Research into the first thousand days of a child’s life found that children can only develop as well as their families, communities and broader society enable them to.

“Many challenges faced by adults, such as mental health issues, obesity, heart disease, criminality, and poor literacy and numeracy, can be traced back to pathways that originated in early childhood,” says The First Thousand Days: An Evidence Paper by the Centre for Community Child Health, Murdoch Children’s Research Institute.

“To ensure positive health and wellbeing for current and future generations, we therefore need to focus on improving the environments and experiences of the earliest stages of development, including the prenatal period.”

Consider these scenarios:

A child falls ill in the middle of the day and needs to go home. Who does the school call?

A man and woman are out for drinks. Who gets asked who is with the kids?

A child is putting on weight, or not enough weight. He isn’t talking yet, or is wild and loud.

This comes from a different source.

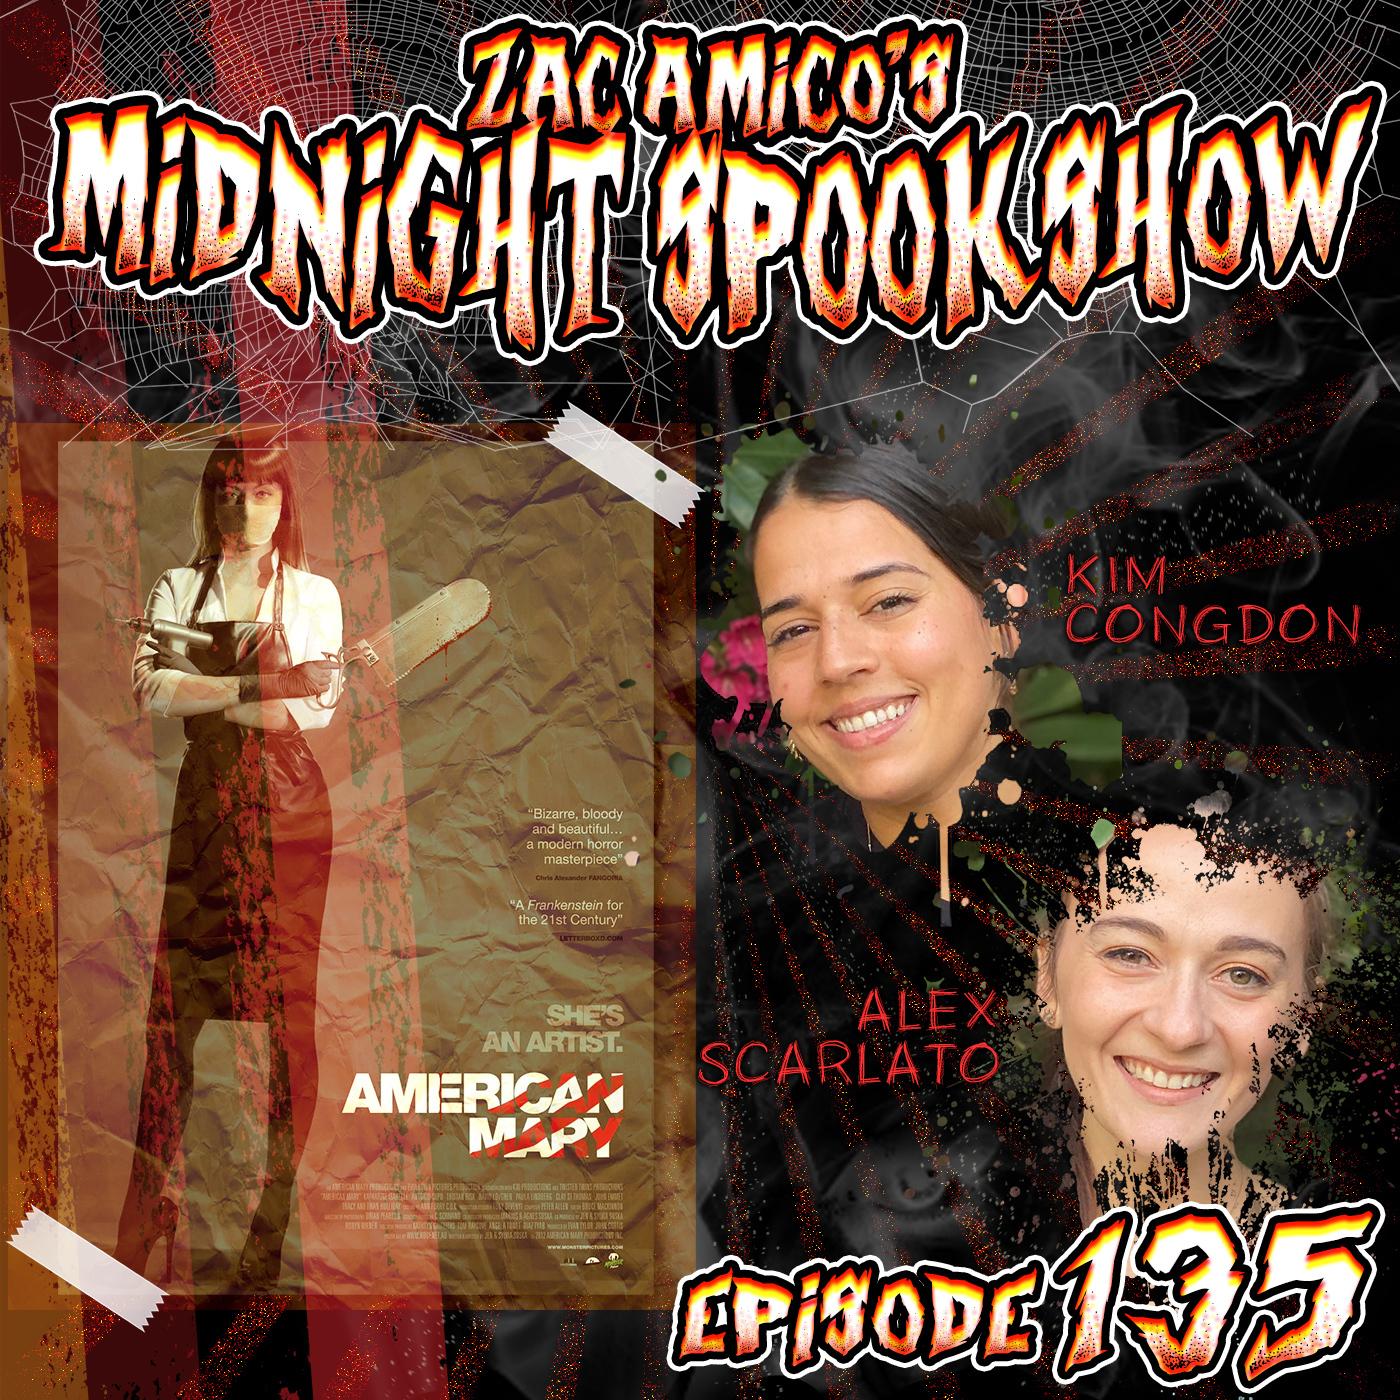 Kim Congdon & Alex Scarlato - American Mary - ZAMSS #135
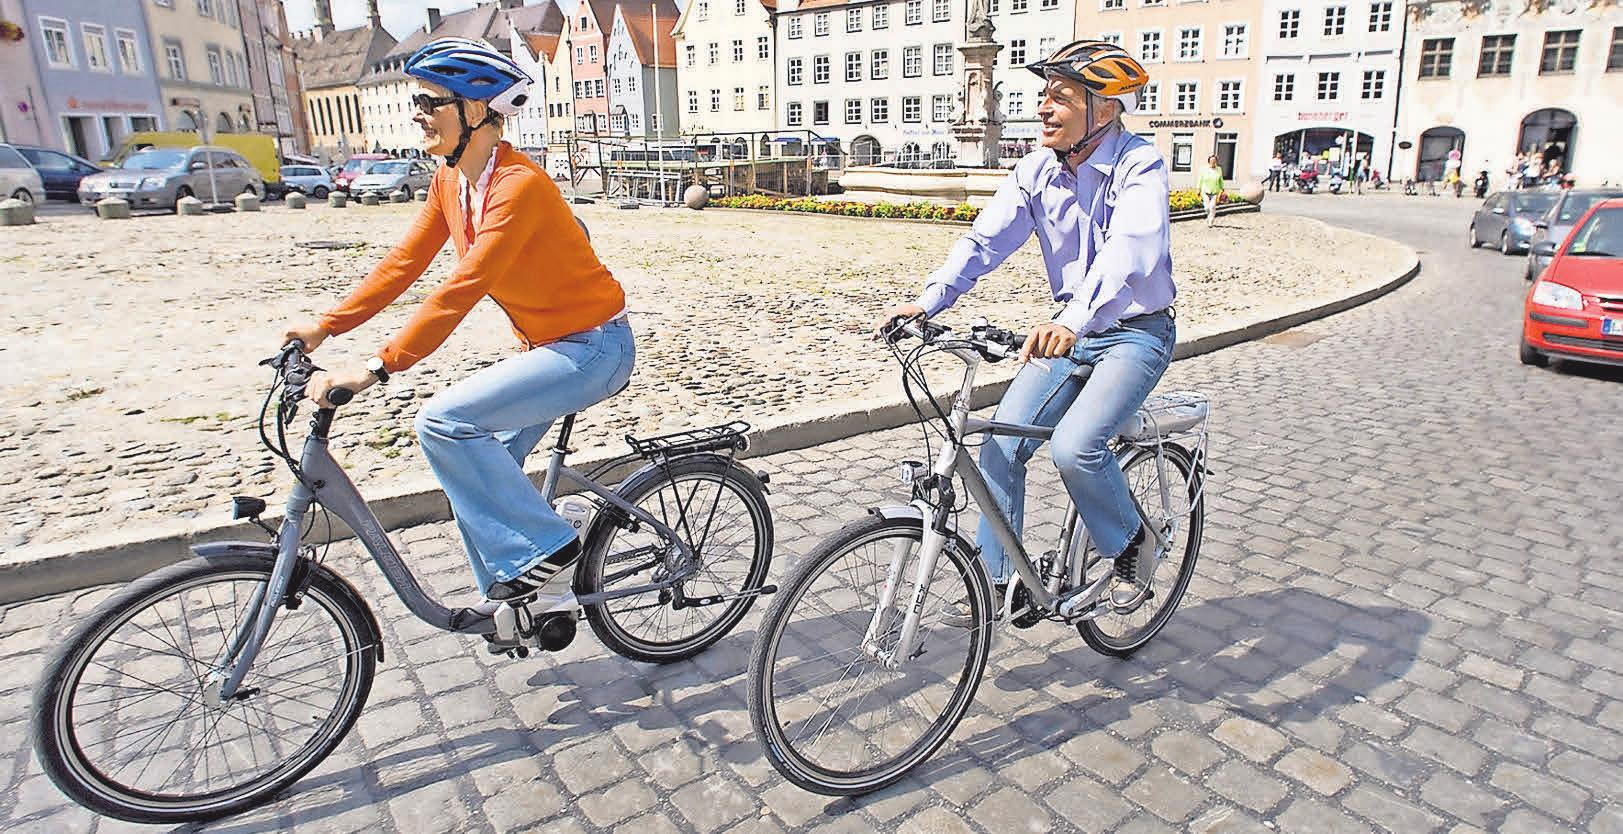 Helme sind für Pedelecs und E-Bikes nicht vorgeschrieben aber sinnvoll.Foto: ADAC / dpp

She’s a fussy eater, or won’t self soothe, or sleep in her own bed through the night.

Who gets the accusatory finger in the face?

If we want the best health and well being outcomes for our children, and now understand that those outcomes are determined by the experiences shaped by their families and communities, why is parenting still something we only expect of women?

A woman is the one that shoulders the majority of the responsibility for her children’s growth and yet is punished if she does not meet our standards of success.

Meanwhile, a man is congratulated if he picks his own children up from school.

The Second Shift and Gender Pay Gap ensure that what it takes for a woman to raise her children and maintain an independent life for herself is a monumental task that if she chooses to undertake, will also result in her running the gauntlet of public scrutiny and criticism. Because when a woman becomes a mother, she crosses over this threshold of identity she can't get back from; as much as she fights otherwise, mother is now everything she is. However, for a man, being a father will only ever be a part of his identity.


Since 1950 Australia’s birth rate has been in steady decline - more and more women are choosing a childfree path.

When I facilitate workshops for Mona, I share with the women in the room that I have chosen not to have children. In the quietness and security of those moments, with the caveat of “I love my kids but…” they tell me their bodies no longer feel like they belong to them. They tell me of showers being their only self-care.

They tell me of the exhaustion and the pressure. The loneliness.

Today’s generation of women can fortunately expect more choice out of life than that of their grandmothers, however, I can’t help but think that motherhood shouldn’t be something women tread water through.

I chose not to have children because I didn’t want to be left behind. If only becoming a mother didn’t mean I would’ve been.